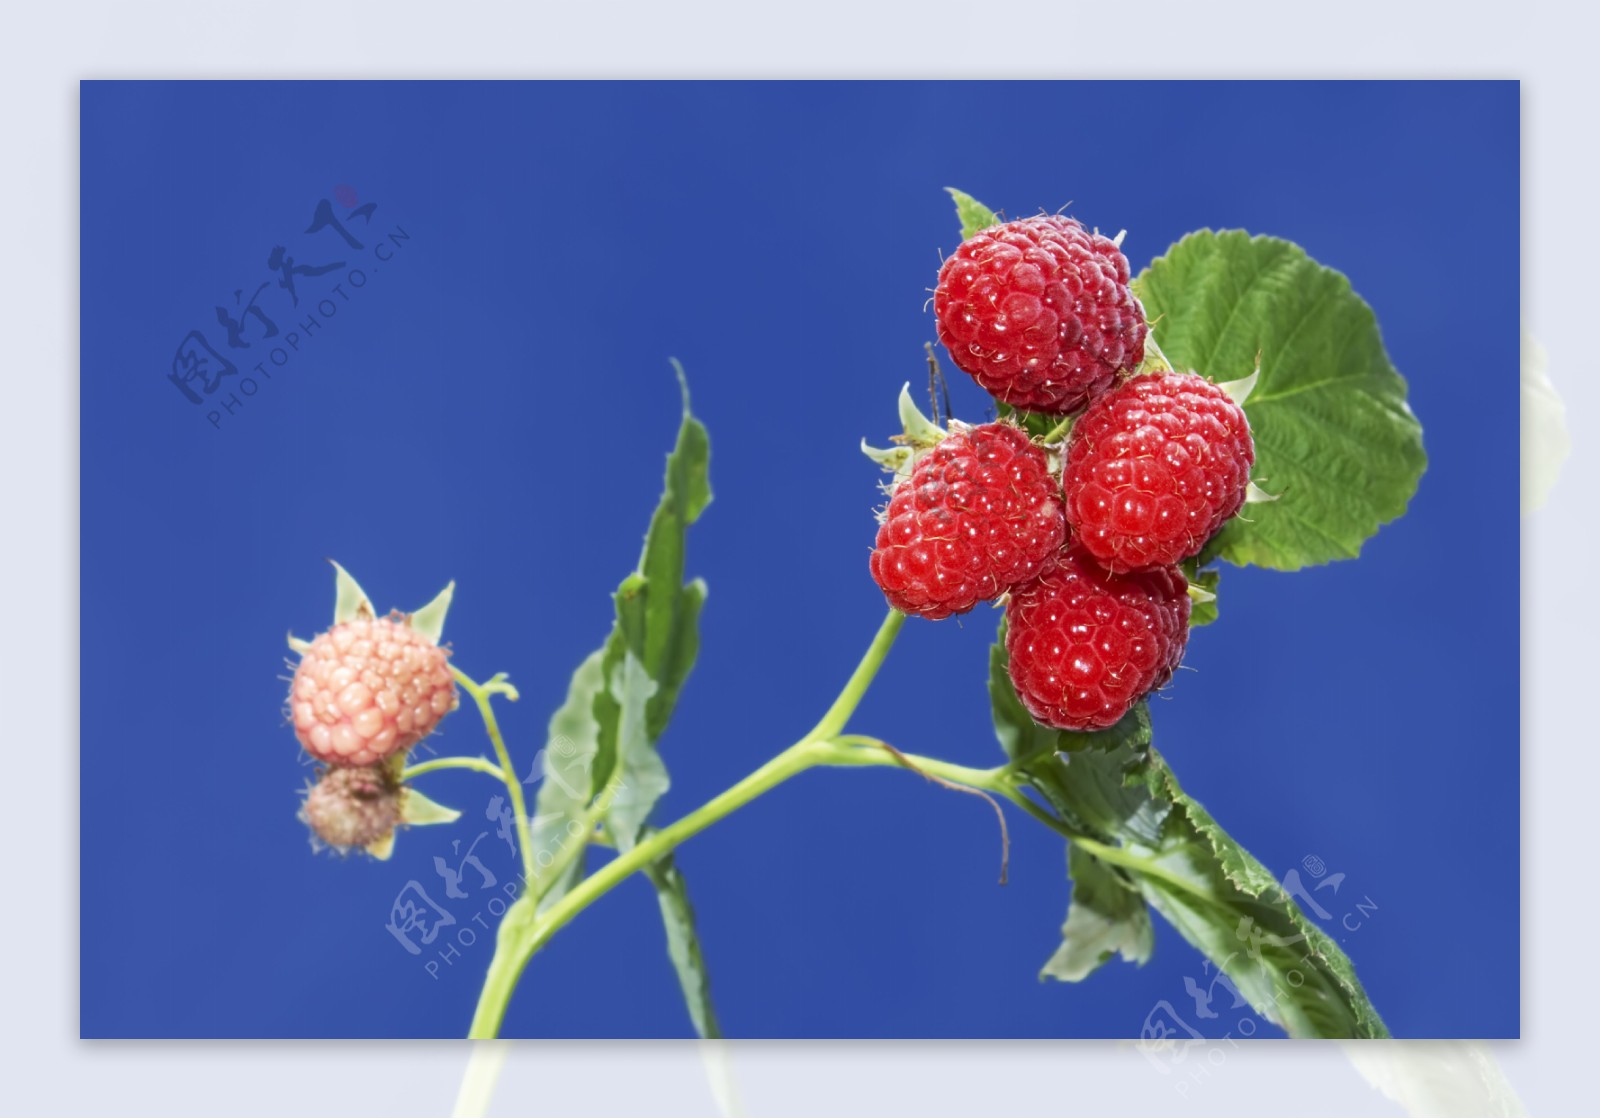 树莓高清图片
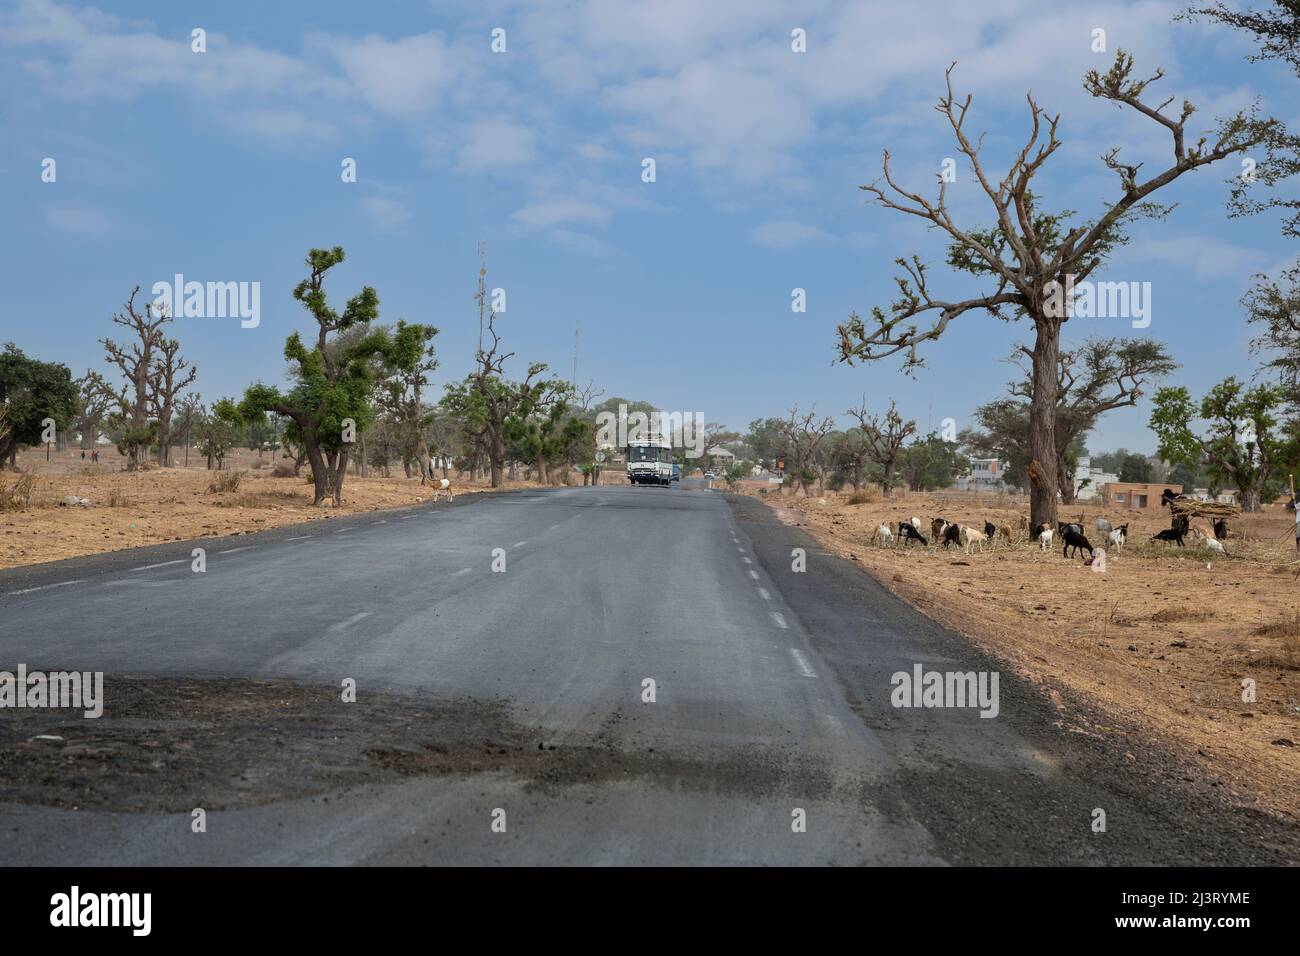 Schlechter werdende Straßenoberfläche auf asphaltierter Autobahn, in der Nähe von Koalack, Senegal. Zwei Telephone Relay Towers links von der Mitte. Stockfoto
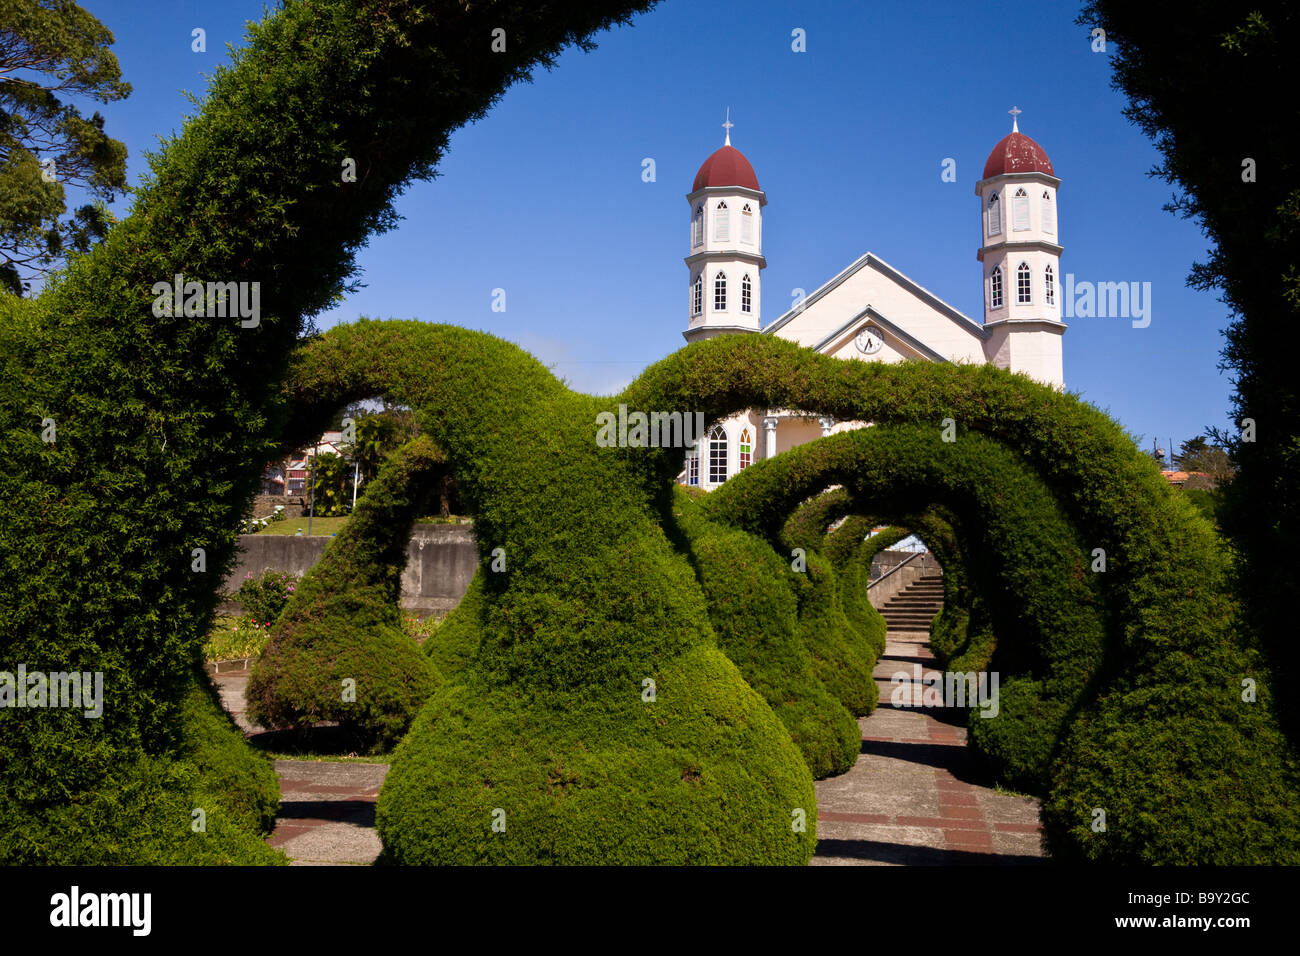 Iglesia de san rafael hi-res stock photography and images - Alamy
·····
### [Task requirements]
Drop the pictures, then repeat the material word for word.

### [Task result]
 树莓高清图片
 Schlechter werdende Straßenoberfläche auf asphaltierter Autobahn, in der Nähe von Koalack, Senegal. Zwei Telephone Relay Towers links von der Mitte. Stockfoto
 Iglesia de san rafael hi-res stock photography and images - Alamy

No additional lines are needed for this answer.